Therein lies the rub. More than 90 days have elapsed since the Libya mission began, and Congress has not passed a law authorizing the mission or extending the 90-day clock. But the clock starts to tick only when troops have been “introduced into hostilities,” and this statutory phrase is hardly self-defining. True, American planes and drones are dropping bombs. But they are not taking fire. There are no American body bags. American forces are arguably not so much “into” hostilities as “above” them.
The War Powers Resolution itself, in the very subsection setting out the 60-90 day clock, emphasizes “the safety of United States Armed Forces.” Shortly after the resolution was enacted, a key executive-branch document (PDF) defined the “into hostilities” phrase as involving situations “in which there is a serious risk from hostile fire to the safety of United States forces.”

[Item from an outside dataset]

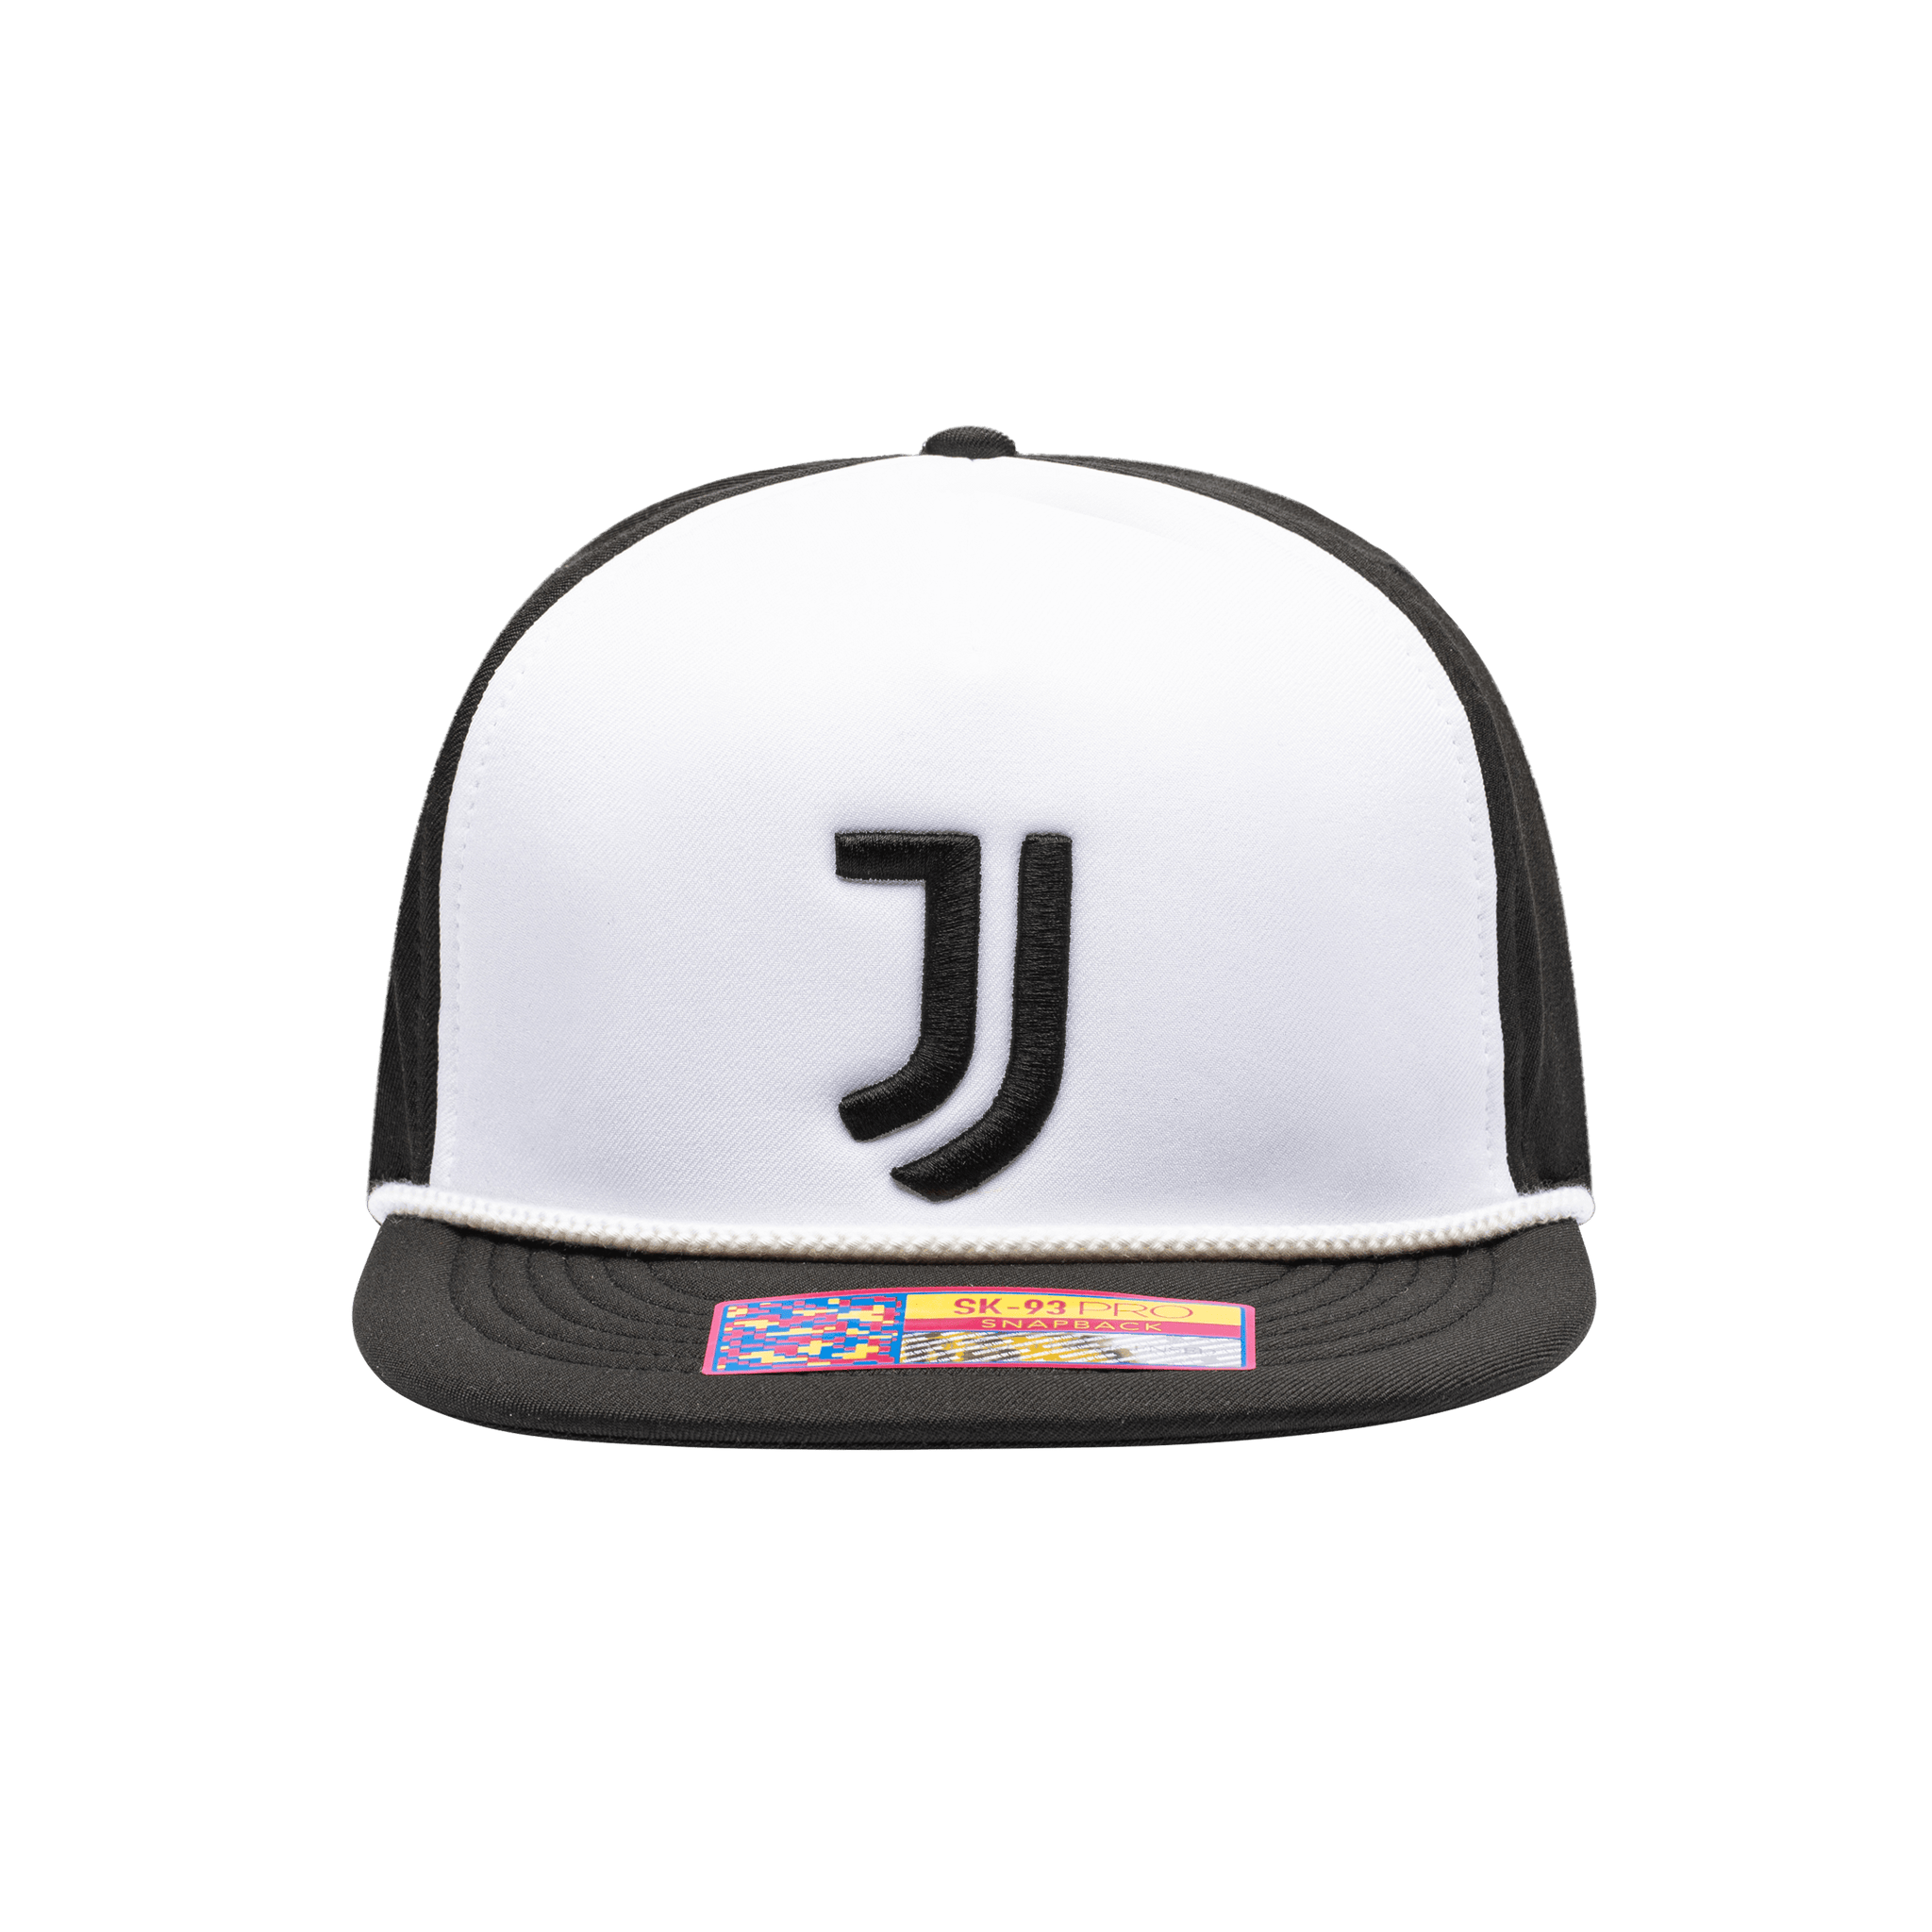 Juventus Avalanche Snapback Hat

Also, the WPR’s clock makes more sense in a classic Vietnam-style ground war—the context in which the act arose. The act is silent about whether a president may ever reinitiate hostilities on, say, Day 93—perhaps in response to a fresh provocation—after withdrawing on Day 89. In a typical ground-troops operation, this sort of complete cessation and quick renewal of hostilities is hard to imagine. By contrast, in the kind of nimble multilateral air operation over Libya, the basic premises of the law are less applicable. U.S. planes can leave enemy airspace in a matter of minutes; other coalition partners can carry on strikes for several days, and then U.S. planes could re-enter—all in strict compliance with the letter of the law.